DATA FOR THIS EXERCISE »

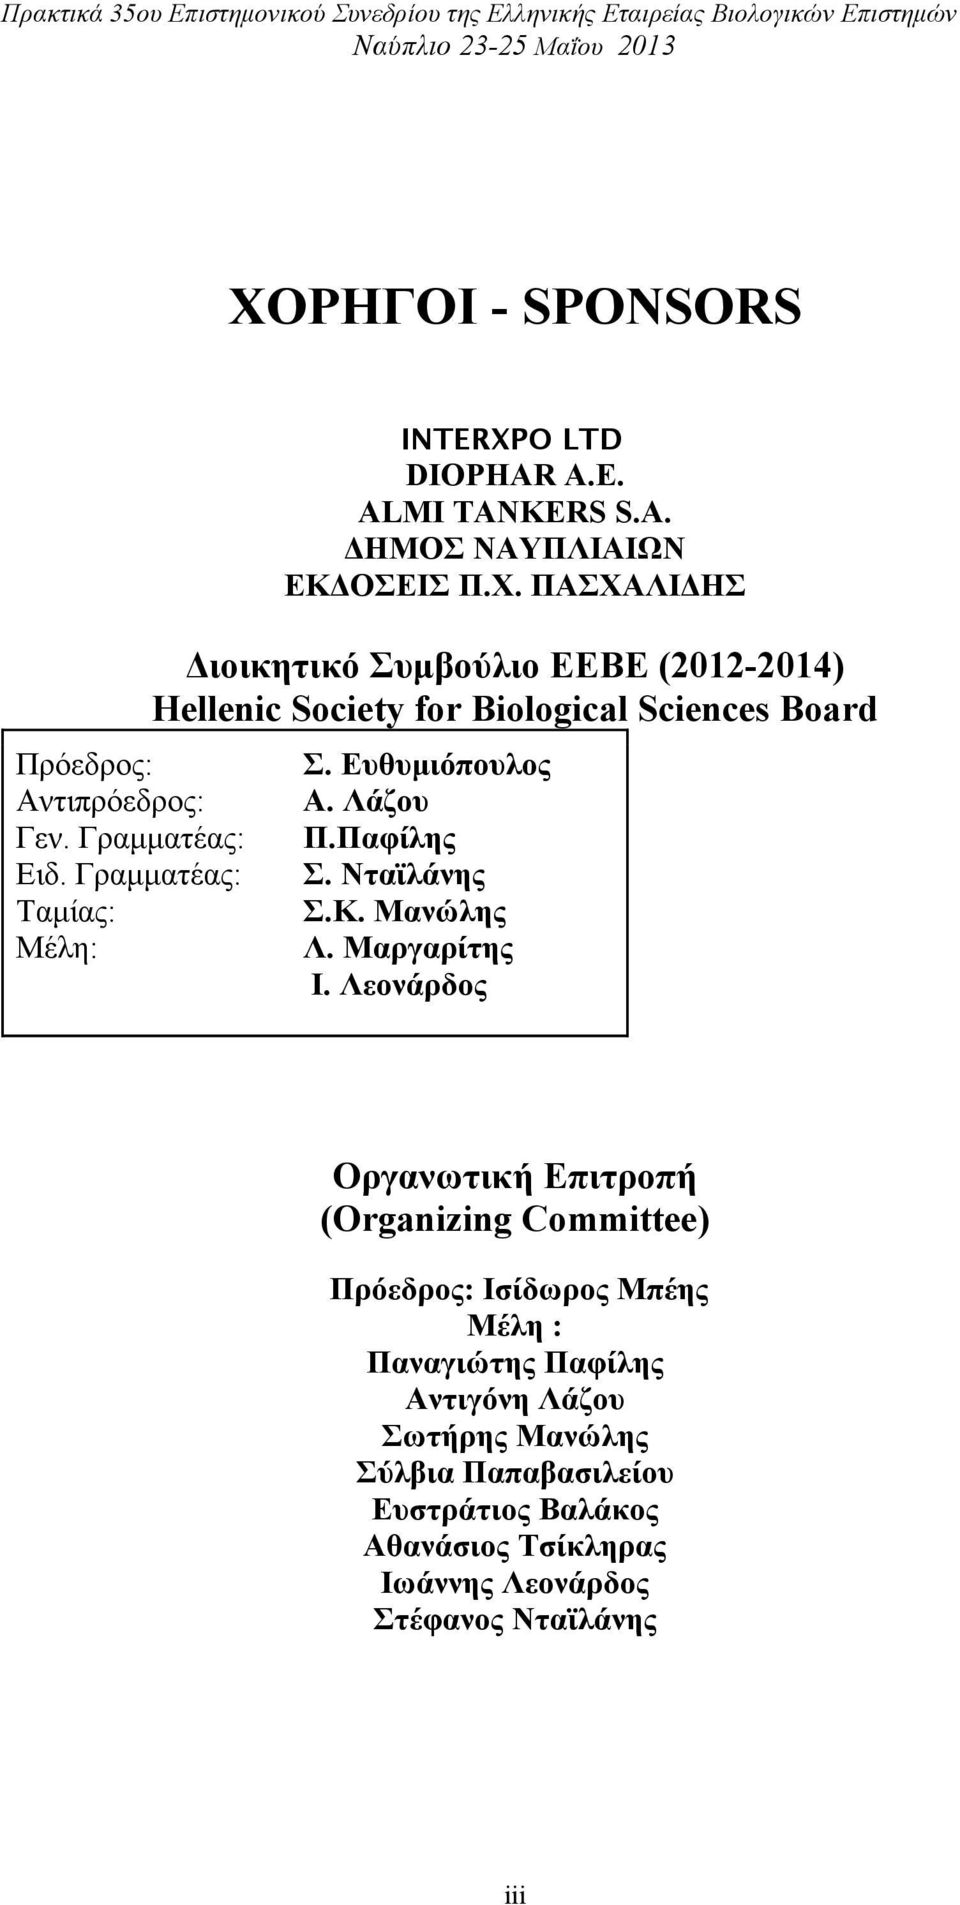 ΠΑΣΧΑΛΙΔΗΣ Διοικητικό Συµβούλιο ΕΕΒΕ (2012-2014) Hellenic Society for Biological Sciences Board Σ. Ευθυµιόπoυλος Α. Λάζου Π.Παφίλης Σ. Νταϊλάνης Σ.Κ. Μανώλης Λ.
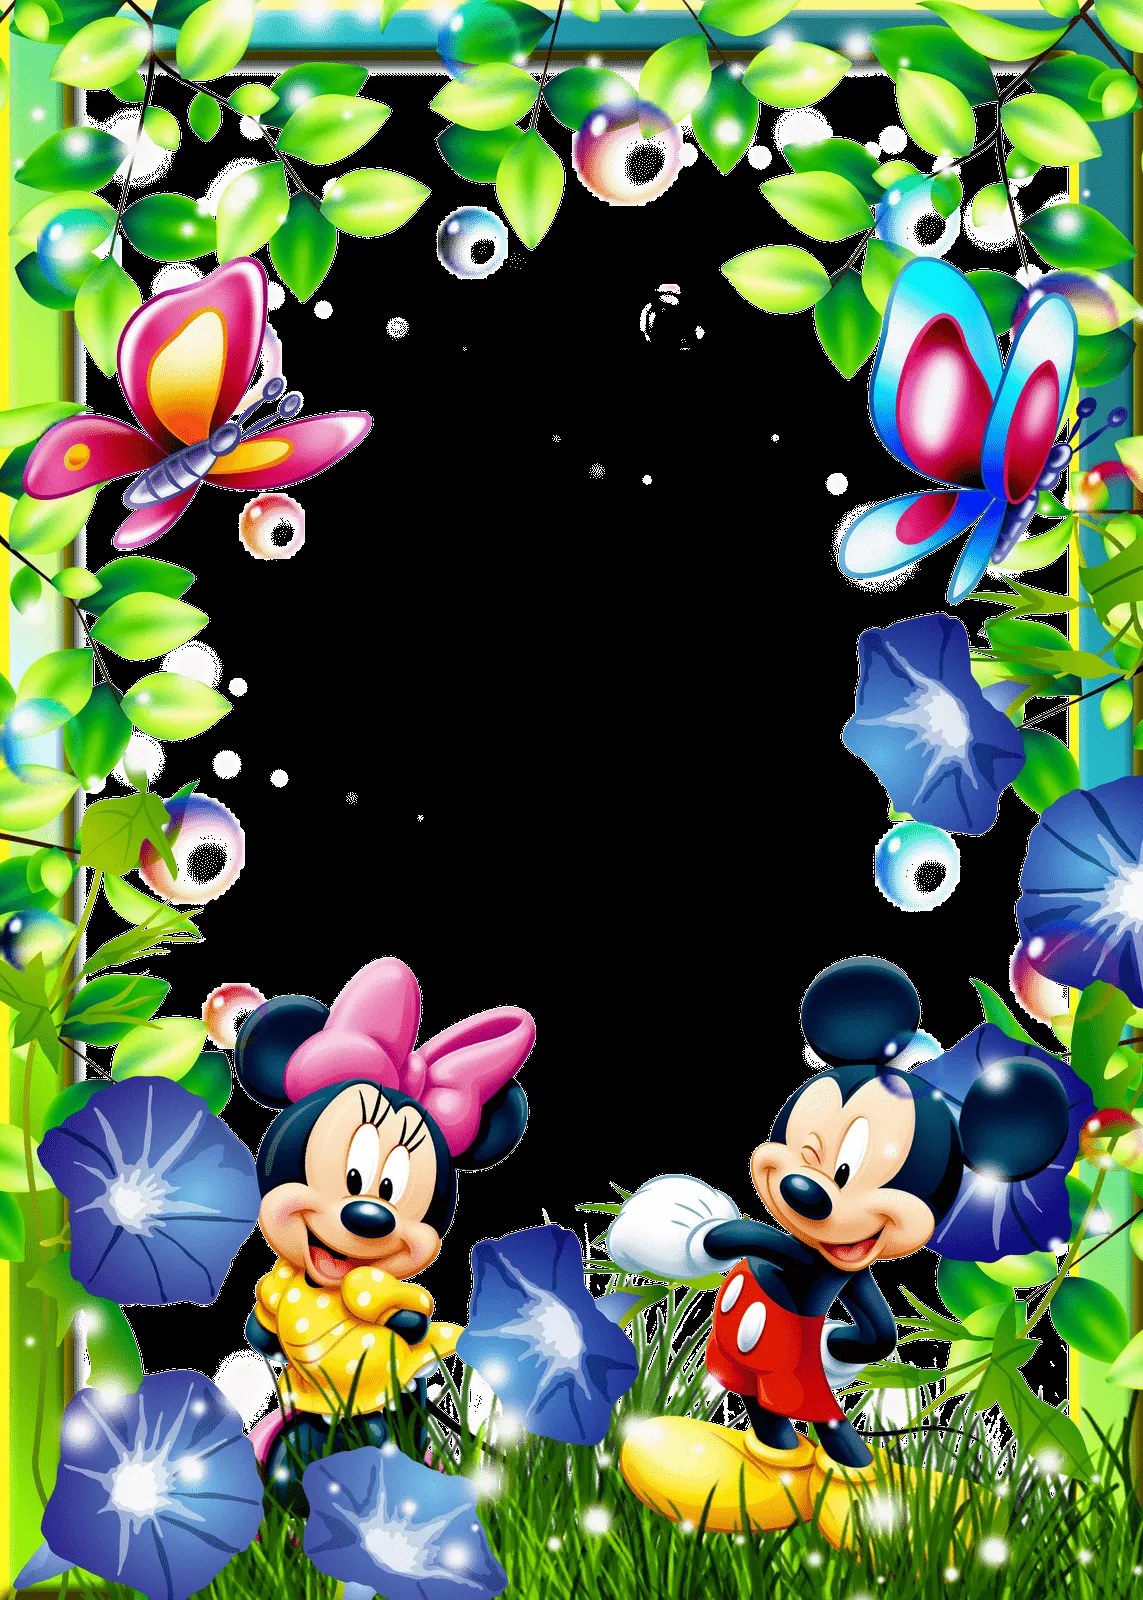 Etiquetas: marcos para fotos de Mickey , marcos para fotos infantiles
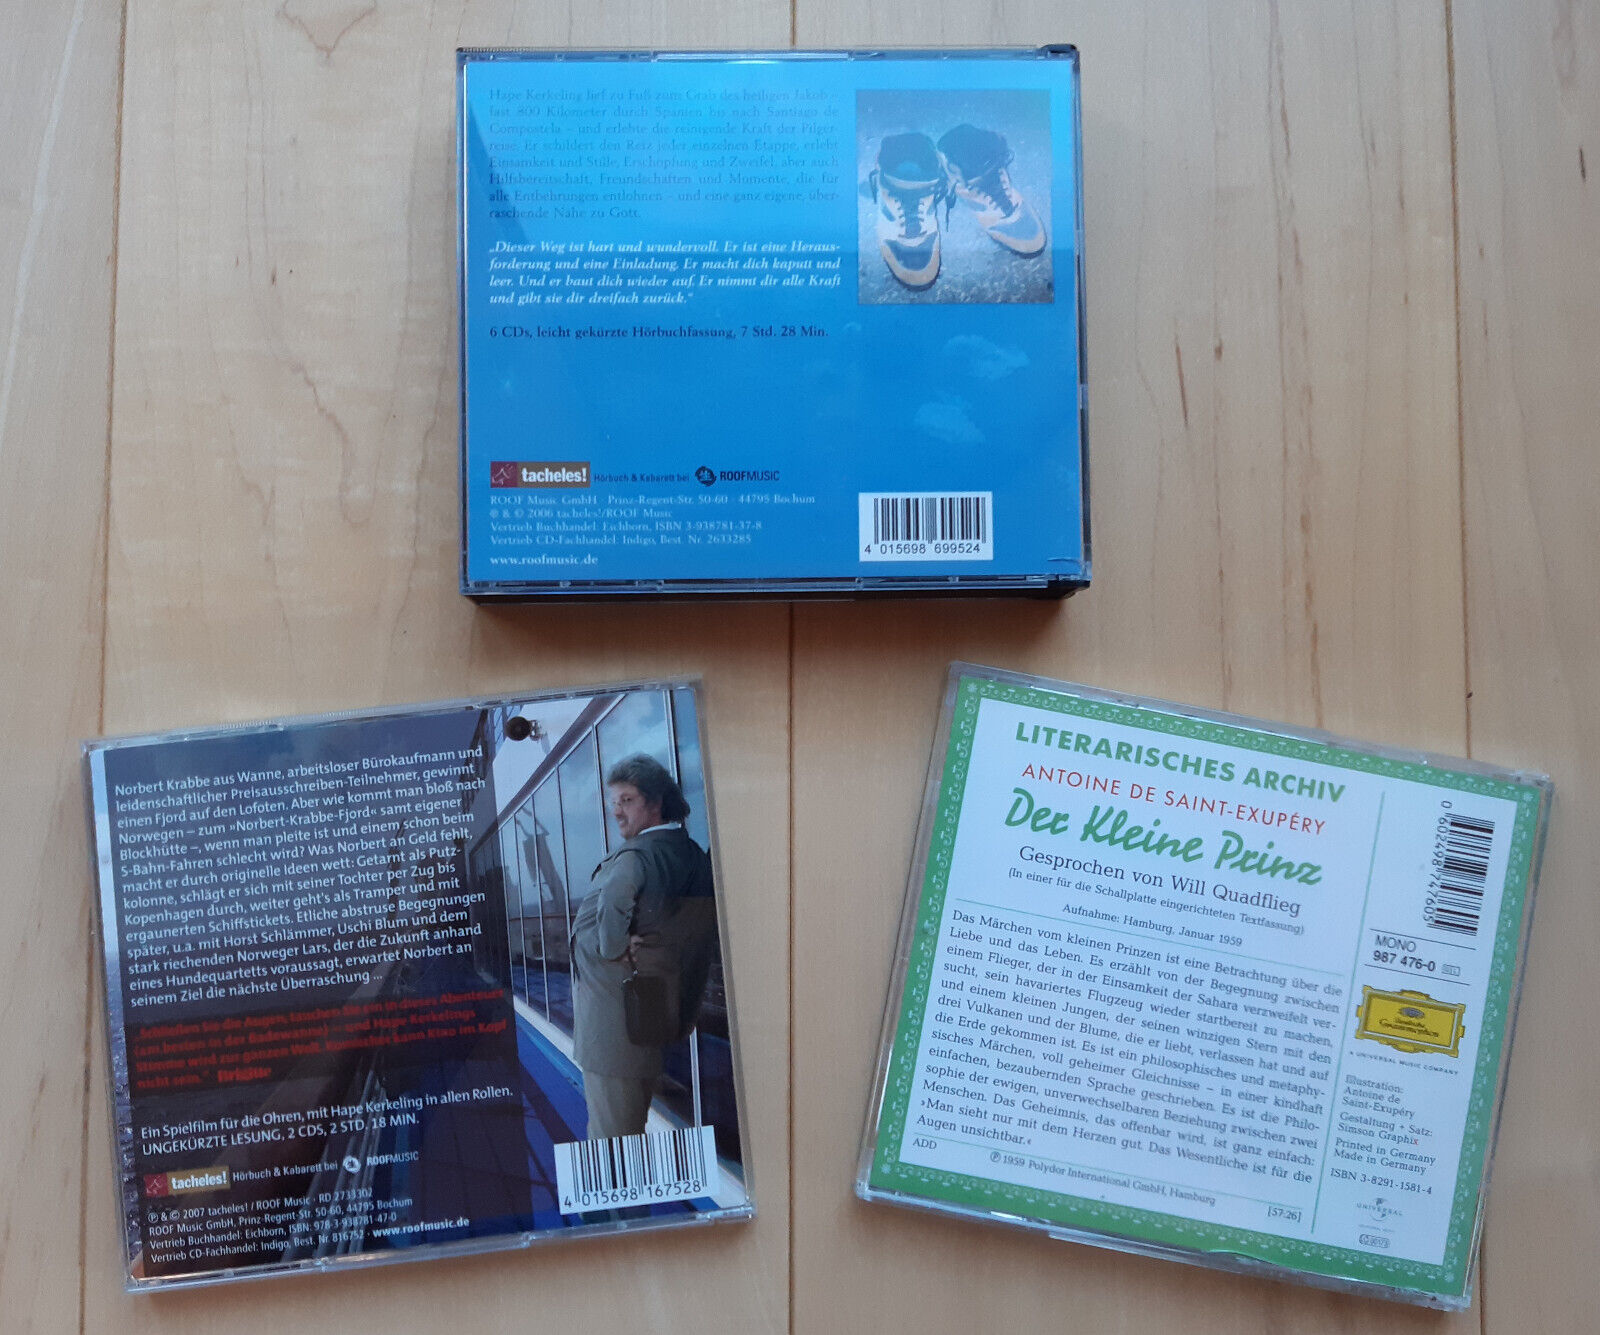 3x Hörbuch auf CD (2x Hape Kerkeling, 1x Der kleine Prinz)
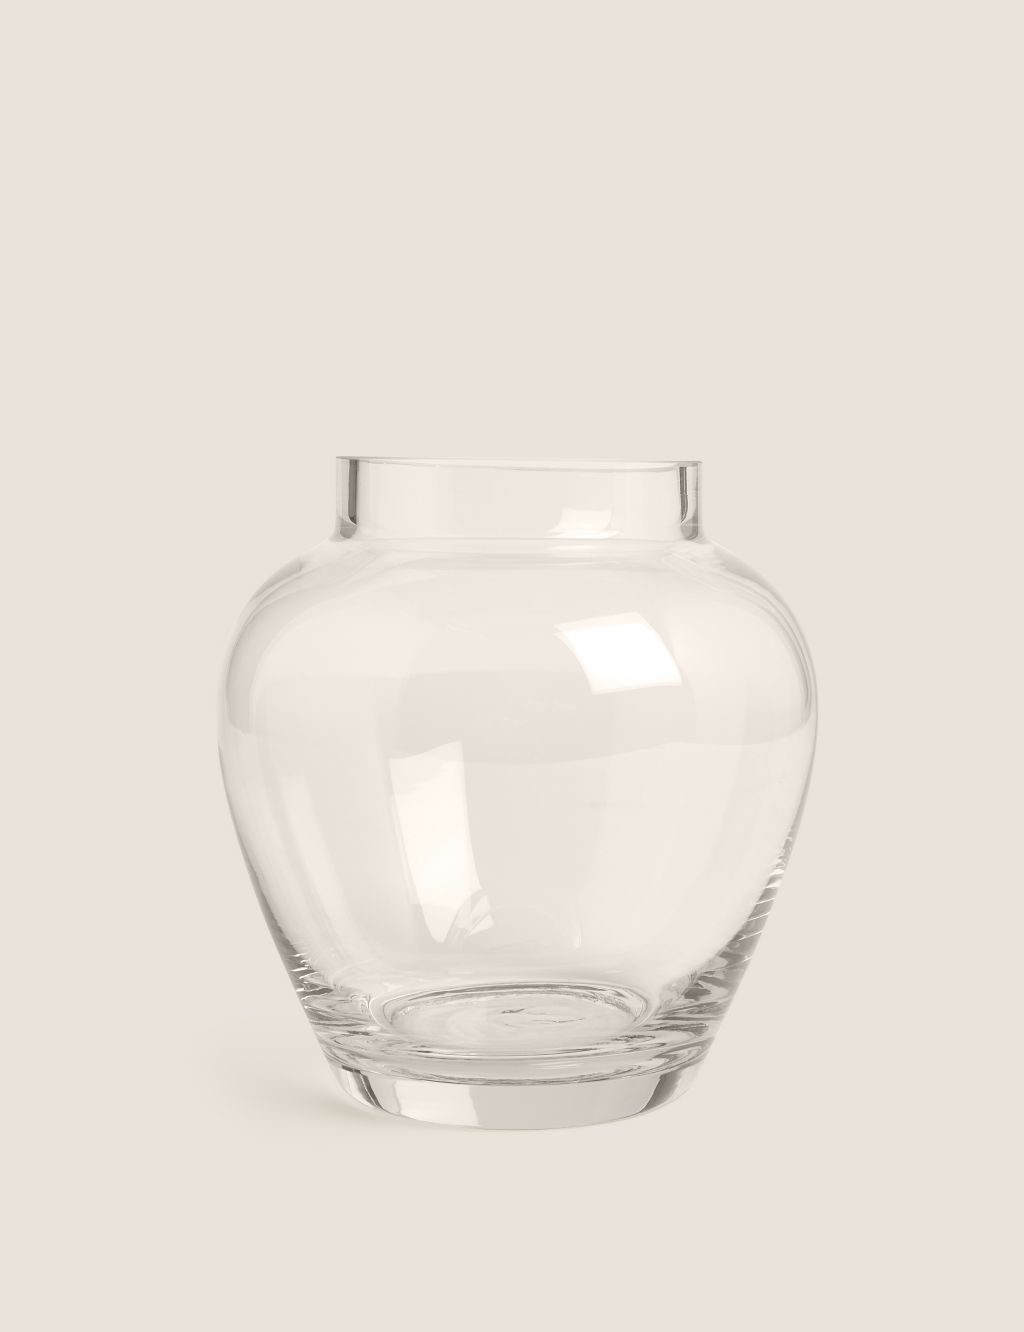 Medium Urn Vase image 1
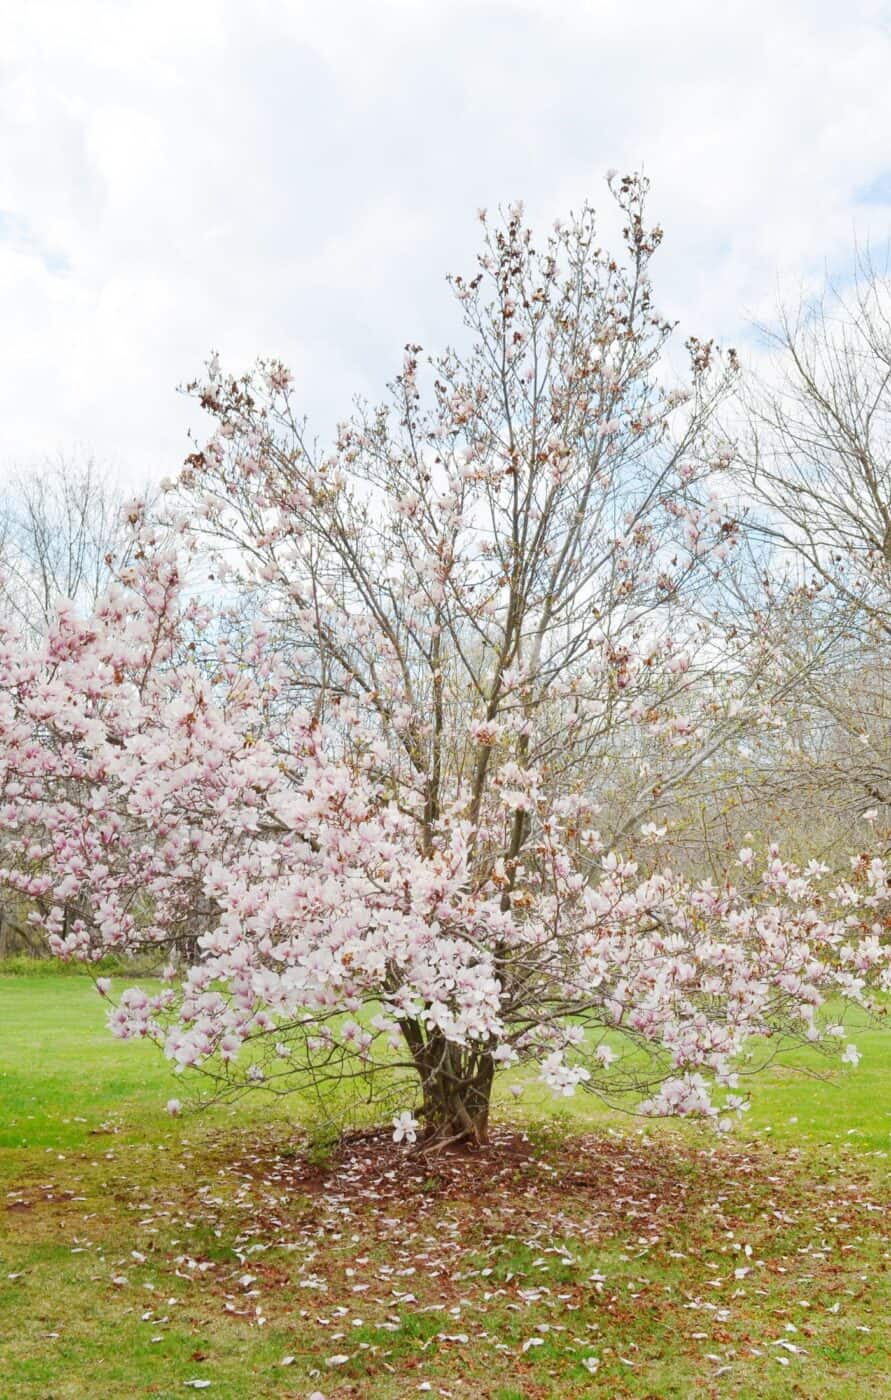 How big do magnolia trees get?

TASK TO COMPLETE » Write out the entries above in full and exactly; no pictures.

RESPONSE AREA »
 ΠΑΣΧΑΛΙΔΗΣ Διοικητικό Συµβούλιο ΕΕΒΕ (2012-2014) Hellenic Society for Biological Sciences Board Σ. Ευθυµιόπoυλος Α. Λάζου Π.Παφίλης Σ. Νταϊλάνης Σ.Κ. Μανώλης Λ.
 Etiquetas: marcos para fotos de Mickey , marcos para fotos infantiles
 3x Hörbuch auf CD (2x Hape Kerkeling, 1x Der kleine Prinz)
 Medium Urn Vase image 1
 How big do magnolia trees get?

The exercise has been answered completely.